Salone del libro di Torino 2017: si chiude, in bellezza, e si pensa al futuro

Salone del libro di Torino 2017: si chiude, in bellezza, e si pensa al futuro

Termina oggi la trentesima edizione del Salone del Libro di Torino, ecco i numeri ufficiali, le proposte più belle, quello che si poteva fare meglio e i progetti per il 2018.

È stata un po’ come l’ultima puntata di una (bella) serie tv, questa trentesima edizione del Salone del Libro di Torino. Non vedi l’ora di vederla ma poi ti spiace sia finita. La malinconia è un indicatore di qualità ma tocca essere poco emotivi per fare il punto.

La prima considerazione? La concorrenza è l’anima non solo del commercio ma del lavoro.

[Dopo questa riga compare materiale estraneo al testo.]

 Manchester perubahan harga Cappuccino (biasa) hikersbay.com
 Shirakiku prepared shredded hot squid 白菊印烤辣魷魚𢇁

Dopo anni “calanti” e musi lunghi era necessario un cambio di passo. Servivano persone pronte a spaccarsi la schiena, idee nuove ma realizzabili, c’era bisogno di una bella scossa (meno dinosauri, meno politica, meno vip, meno cialtronate facili che intristiscono e non producono frutti) e la minaccia-Milano ha innescato la reazione.

I numeri del Salone del Libro di Torino 2017

Nella conferenza stampa di chiusura Massimo Bray, prima di dare i dati di questa edizione, si prende il suo tempo e per ringraziare usa le parole dei libri citando Leone Ginzburg, Bobbio, l’archeologo Khaled al-Asaad, Primo Levi… di Chiara Appendino e Chiamparino ci dice: «non hanno mai chiesto ma hanno sempre dato al Salone».

«Abbiamo visto l’impossibile diventare possibile» aggiunge e poi sciorina le cifre. Alle 16 del 21 maggio i visitatori totali sono stati 165.746mila: 140.746mila al Lingotto e 25.230mila quelli relativi al Salone Off.

«Questo Salone ha dimostrato molte cose, cose che smentiscono in maniera sonora una scuola di pensiero di cui la gente evidentemente è stanca e venendo qui ha detto chiaro e tondo qual è l’idea di comunità e cultura in cui ripone speranze» ha detto Nicola Lagioia. «Per esempio: non è vero che se alzi il livello il pubblico diminuisce. Se alzi il livello e lo fai in una ottica di vera inclusione e di vera partecipazione può capitare, non che il pubblico si allarghi, ma che il pubblico smetta di essere pubblico; rompa il guscio odioso che separa la società dello spettacolo dalla vita vera. E, non più pubblico si trasformi di nuovo in una comunità di fratelli e sorelle felici di esserci e di vivere tutto questo insieme.»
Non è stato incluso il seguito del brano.